⟨

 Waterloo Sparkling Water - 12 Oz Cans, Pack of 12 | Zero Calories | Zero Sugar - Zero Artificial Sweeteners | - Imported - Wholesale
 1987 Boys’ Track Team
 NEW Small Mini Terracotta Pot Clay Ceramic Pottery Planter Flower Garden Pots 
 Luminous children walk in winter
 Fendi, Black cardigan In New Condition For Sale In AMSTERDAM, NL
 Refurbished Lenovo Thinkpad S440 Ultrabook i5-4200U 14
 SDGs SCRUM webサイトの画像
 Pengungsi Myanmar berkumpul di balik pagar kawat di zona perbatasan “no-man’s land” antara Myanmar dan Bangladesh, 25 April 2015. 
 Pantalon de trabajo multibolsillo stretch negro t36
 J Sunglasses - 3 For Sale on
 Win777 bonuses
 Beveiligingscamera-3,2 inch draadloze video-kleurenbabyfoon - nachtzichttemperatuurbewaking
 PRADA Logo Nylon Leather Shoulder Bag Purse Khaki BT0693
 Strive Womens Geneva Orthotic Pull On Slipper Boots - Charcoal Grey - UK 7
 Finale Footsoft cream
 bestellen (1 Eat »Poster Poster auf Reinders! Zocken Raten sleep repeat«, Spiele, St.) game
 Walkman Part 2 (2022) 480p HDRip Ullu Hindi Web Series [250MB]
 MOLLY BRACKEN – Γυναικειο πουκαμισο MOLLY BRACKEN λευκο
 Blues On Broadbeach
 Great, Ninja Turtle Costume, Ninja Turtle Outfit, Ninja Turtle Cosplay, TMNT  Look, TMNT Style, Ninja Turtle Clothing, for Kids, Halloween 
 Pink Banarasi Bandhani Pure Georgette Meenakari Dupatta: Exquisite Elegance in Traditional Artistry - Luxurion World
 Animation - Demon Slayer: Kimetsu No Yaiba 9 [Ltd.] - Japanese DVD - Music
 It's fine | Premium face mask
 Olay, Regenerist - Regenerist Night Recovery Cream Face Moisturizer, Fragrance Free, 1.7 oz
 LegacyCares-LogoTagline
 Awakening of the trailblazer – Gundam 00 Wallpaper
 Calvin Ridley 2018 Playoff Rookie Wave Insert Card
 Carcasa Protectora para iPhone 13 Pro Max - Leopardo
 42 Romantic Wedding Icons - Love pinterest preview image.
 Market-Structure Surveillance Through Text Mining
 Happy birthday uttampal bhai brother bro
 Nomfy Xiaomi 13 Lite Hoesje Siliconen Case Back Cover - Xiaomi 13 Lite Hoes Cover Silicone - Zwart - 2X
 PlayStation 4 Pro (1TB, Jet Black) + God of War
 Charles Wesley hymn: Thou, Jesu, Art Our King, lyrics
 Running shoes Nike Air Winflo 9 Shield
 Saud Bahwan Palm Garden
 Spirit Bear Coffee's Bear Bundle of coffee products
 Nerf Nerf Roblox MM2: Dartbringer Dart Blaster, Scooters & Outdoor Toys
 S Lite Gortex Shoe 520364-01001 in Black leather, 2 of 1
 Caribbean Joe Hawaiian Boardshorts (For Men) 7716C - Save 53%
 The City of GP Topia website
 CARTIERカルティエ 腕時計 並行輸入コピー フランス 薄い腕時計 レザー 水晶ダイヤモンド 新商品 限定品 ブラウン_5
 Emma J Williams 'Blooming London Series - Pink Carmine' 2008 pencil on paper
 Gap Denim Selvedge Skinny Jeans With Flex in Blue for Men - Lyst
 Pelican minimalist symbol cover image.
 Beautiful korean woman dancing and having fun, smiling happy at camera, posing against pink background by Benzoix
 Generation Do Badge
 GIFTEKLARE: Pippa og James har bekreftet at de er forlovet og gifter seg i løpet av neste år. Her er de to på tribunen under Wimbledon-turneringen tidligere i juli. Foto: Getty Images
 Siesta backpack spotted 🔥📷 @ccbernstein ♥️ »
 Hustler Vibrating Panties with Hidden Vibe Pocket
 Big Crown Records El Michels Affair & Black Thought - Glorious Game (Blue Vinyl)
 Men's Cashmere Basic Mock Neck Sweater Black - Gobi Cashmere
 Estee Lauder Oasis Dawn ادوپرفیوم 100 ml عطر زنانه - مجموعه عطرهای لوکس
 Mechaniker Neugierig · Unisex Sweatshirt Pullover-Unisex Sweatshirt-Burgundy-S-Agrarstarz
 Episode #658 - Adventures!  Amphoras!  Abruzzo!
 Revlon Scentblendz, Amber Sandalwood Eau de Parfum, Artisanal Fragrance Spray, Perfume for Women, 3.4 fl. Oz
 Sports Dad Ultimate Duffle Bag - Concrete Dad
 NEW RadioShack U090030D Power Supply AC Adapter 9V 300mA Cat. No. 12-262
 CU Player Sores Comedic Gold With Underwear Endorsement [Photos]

⟩

Task directions:
In the entries above, find the line with "Calvin Ridley 2018" and the line with "PlayStation 4 Pro", then set down exactly those two and every line between them, nothing else.

Answer space:
 Calvin Ridley 2018 Playoff Rookie Wave Insert Card
 Carcasa Protectora para iPhone 13 Pro Max - Leopardo
 42 Romantic Wedding Icons - Love pinterest preview image.
 Market-Structure Surveillance Through Text Mining
 Happy birthday uttampal bhai brother bro
 Nomfy Xiaomi 13 Lite Hoesje Siliconen Case Back Cover - Xiaomi 13 Lite Hoes Cover Silicone - Zwart - 2X
 PlayStation 4 Pro (1TB, Jet Black) + God of War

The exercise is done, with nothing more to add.